Saturday, July 7, 2012

Keeping the right perspective on fundraising

The news from Mitt Romney's campaign is that the candidate and the RNC were able to raise about $100 million in June.  That's a hefty sum although still well off the all-time mark of $150 million set by the Obama campaign in 2008.

However, the election is not likely to be won by money alone.  The most important factor concerning money is that the campaign have enough money to get its message out.  So long is the Obama folks keep some money in their treasure chest for the last few weeks of the election, they should be fine.

At a certain point, money does not make so much a difference as the issues.  If the candidate has enough money to get the message out, they will compete with their opponent on the issues.  It doesn't matter how much the opponent spends repeating their message.

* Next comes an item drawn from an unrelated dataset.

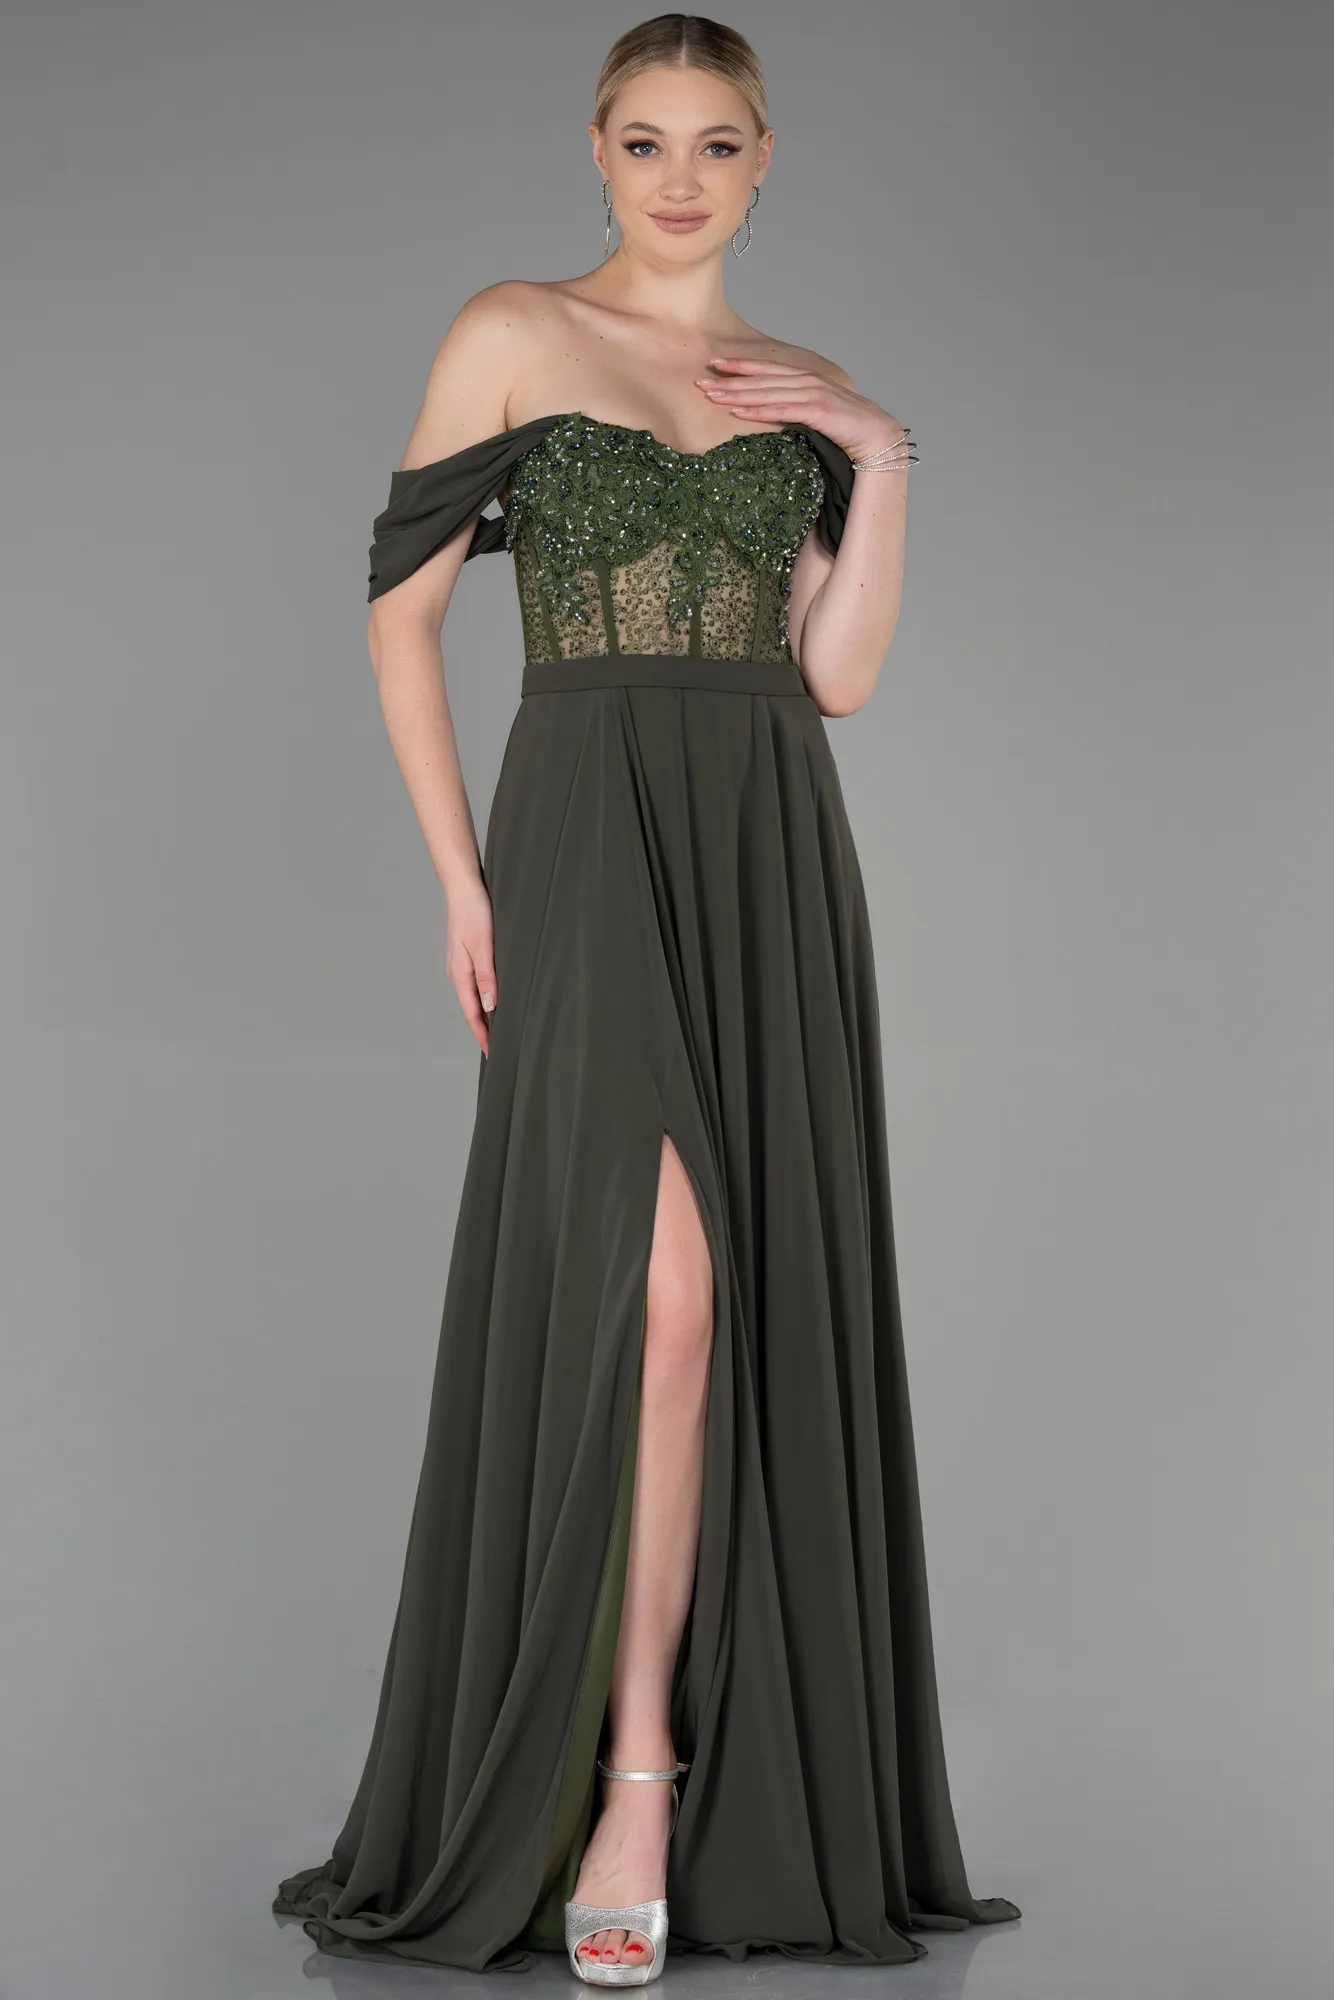 Olive Drab-Long Chiffon Evening Dress ABU3310

Money makes much more of a difference in races where the opponent cannot get the message out sufficiently.  Generally, this means hitting each targeted voter at least three of four times with key points that differentiate the candidate from all of the others in the race.

The one thing that the campaign does not want to do is panic, since that will spread through the ranks.  President Obama's strength is in people and many of these people are barely making ends meet during these tough economic times.  So they have to be careful in not scaring people away from getting more involved by overly soliciting for donations.

They need to exude confidence and leverage the advantages that they have and that means getting more people involved.